The response should consist only of the lines from the one with "Steel Blue Work" to the end of the data below, copied exactly and without pictures.

> Exercise data
>>>>>

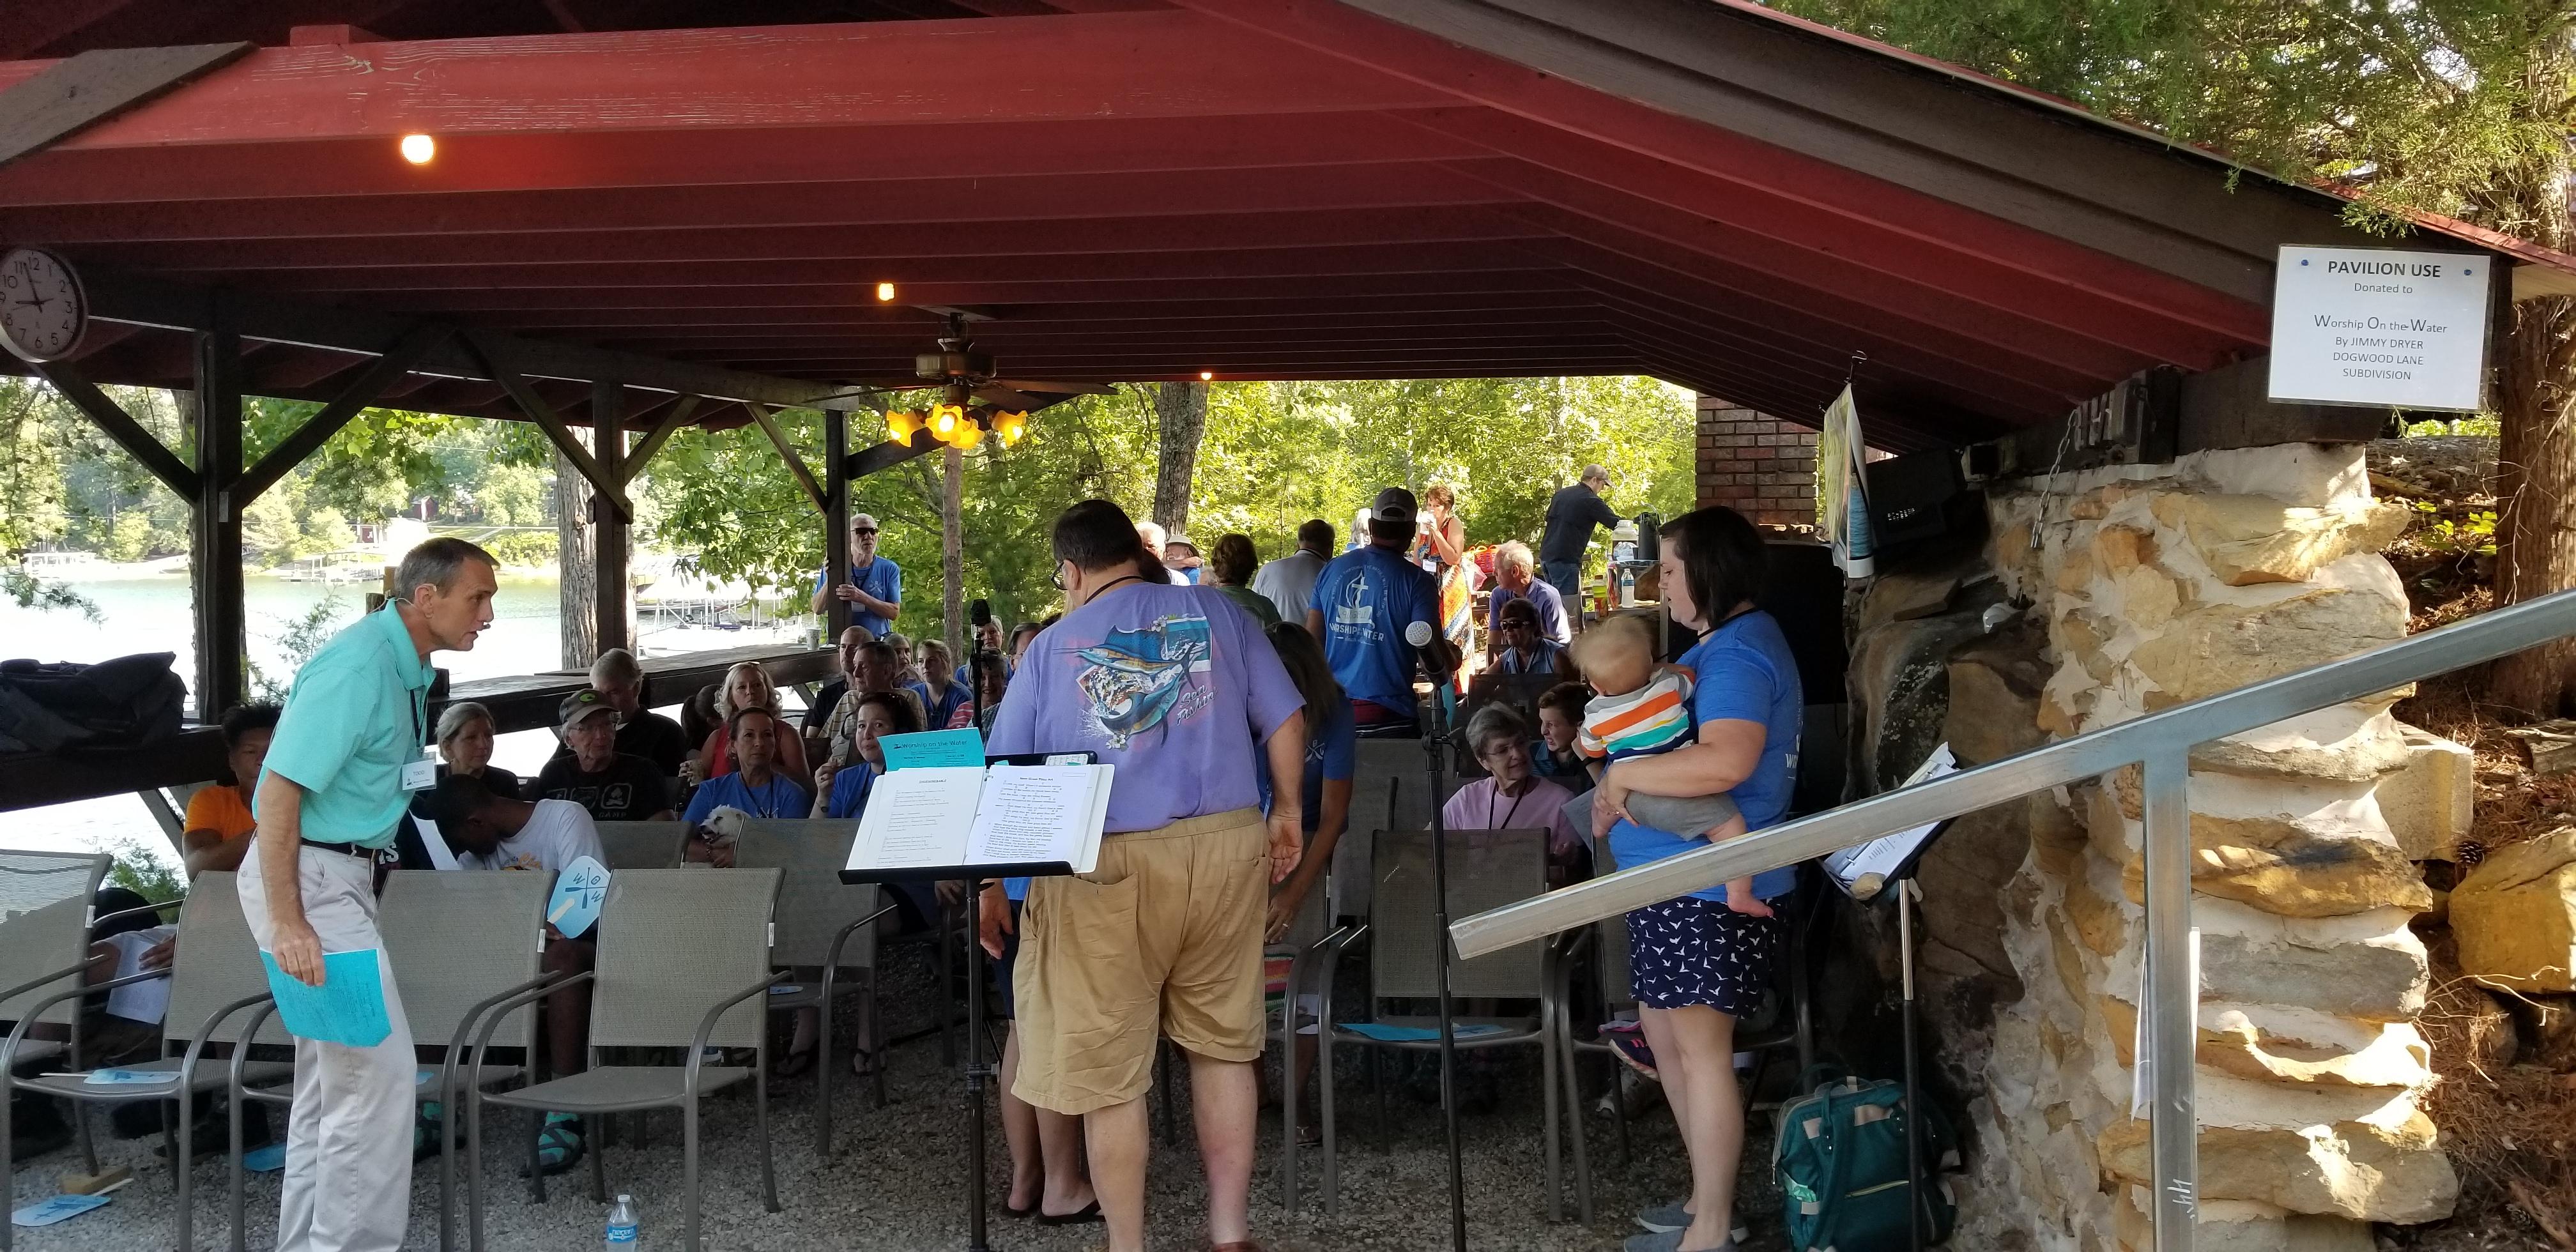 Gathering, July 22, 2018
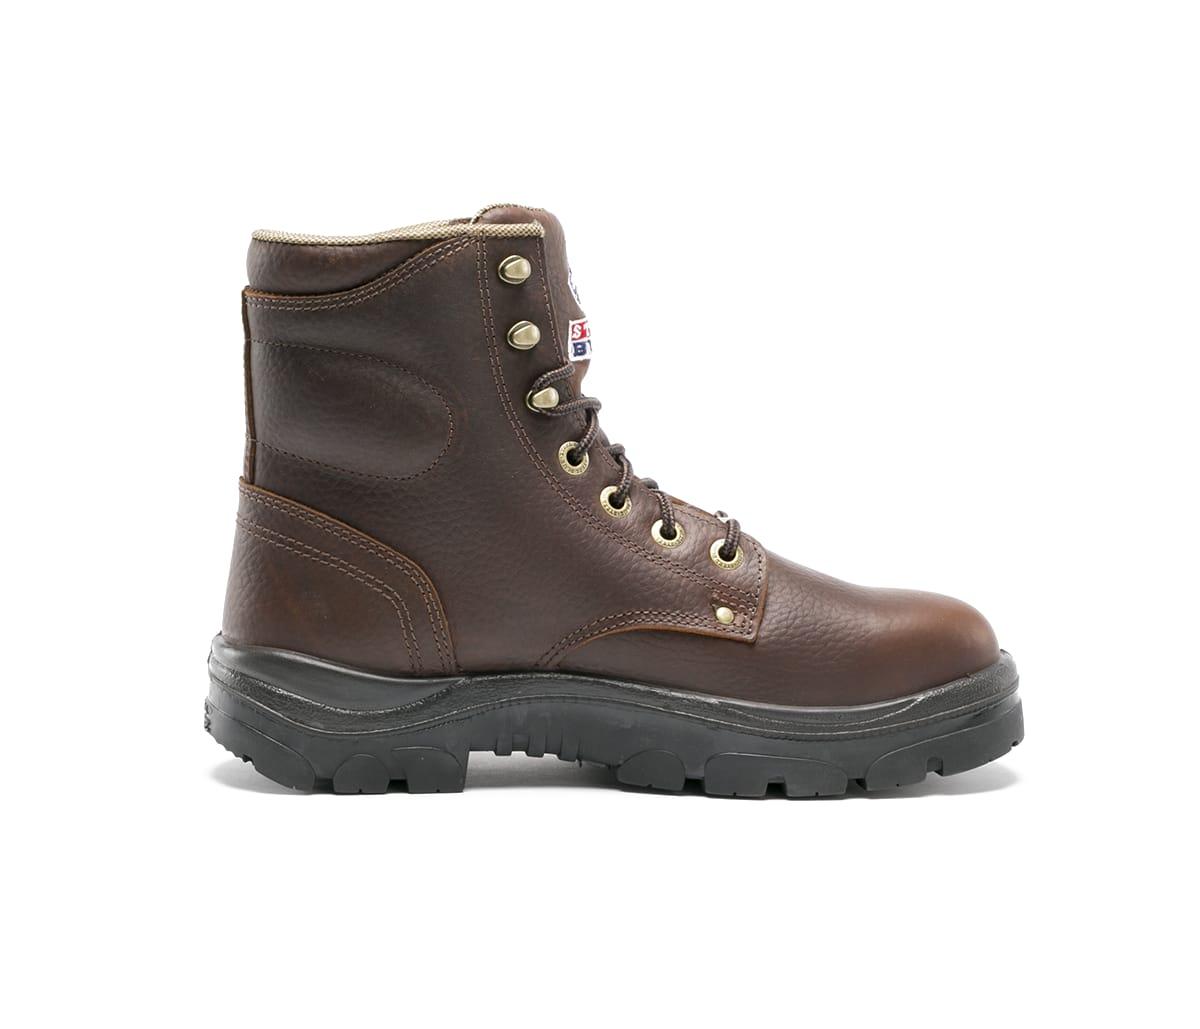 Steel Blue Work Boots Men S Boots Argyle 100 Comfort
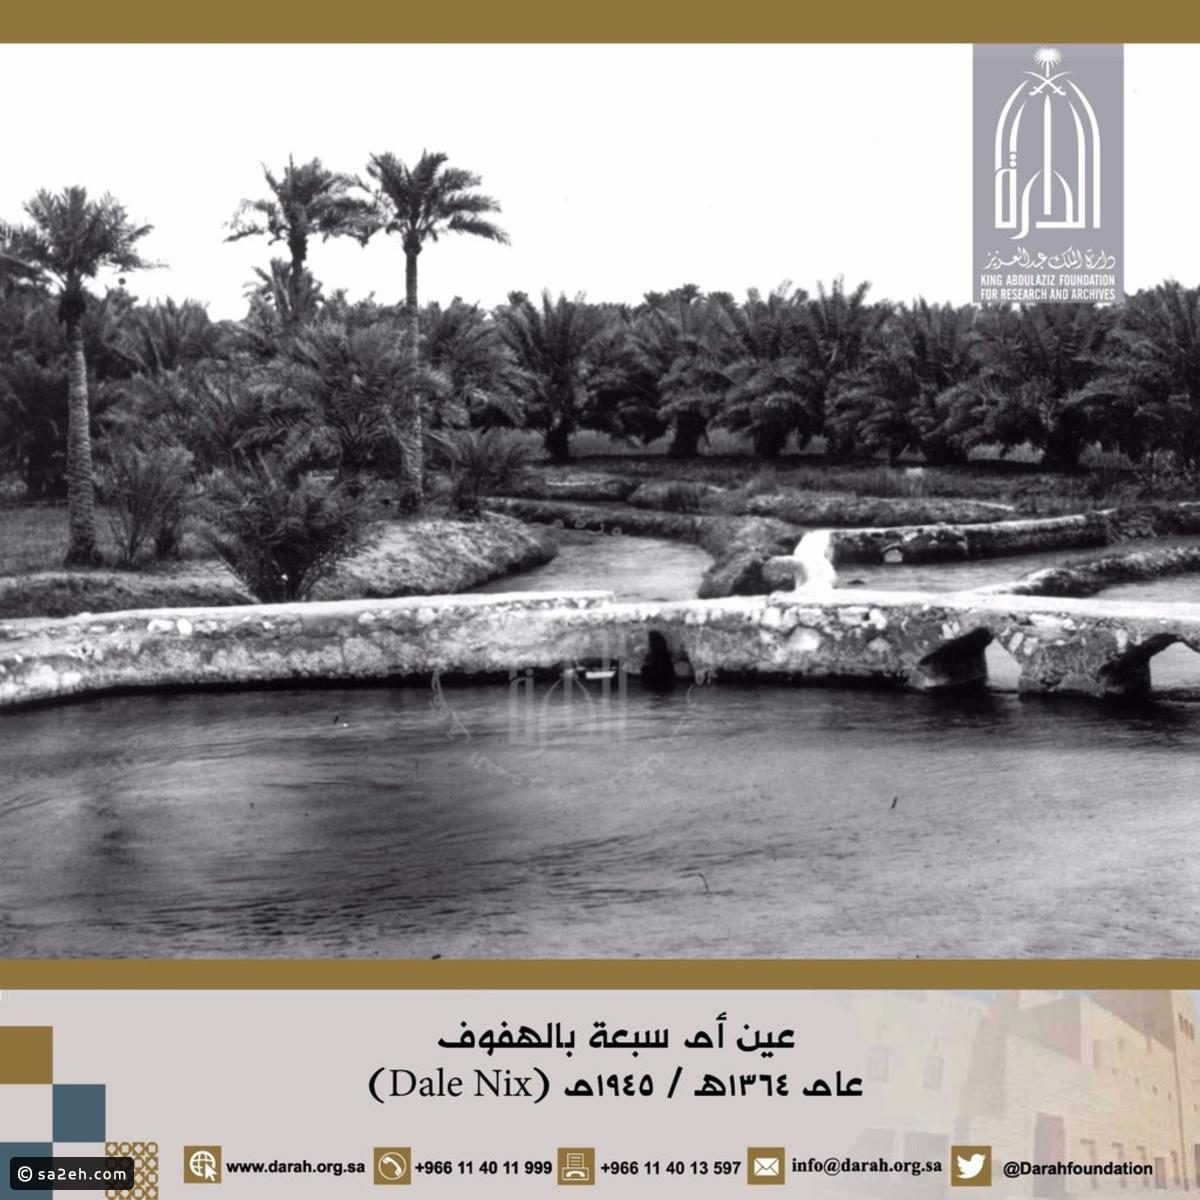 awww.alqiyady.com_site_images_sites_default_files_alqiyady_pro4d33e0786235d59d608cb9dc75fbeee4.

<<<<<

> Exercise output
 Steel Blue Work Boots Men S Boots Argyle 100 Comfort
 awww.alqiyady.com_site_images_sites_default_files_alqiyady_pro4d33e0786235d59d608cb9dc75fbeee4.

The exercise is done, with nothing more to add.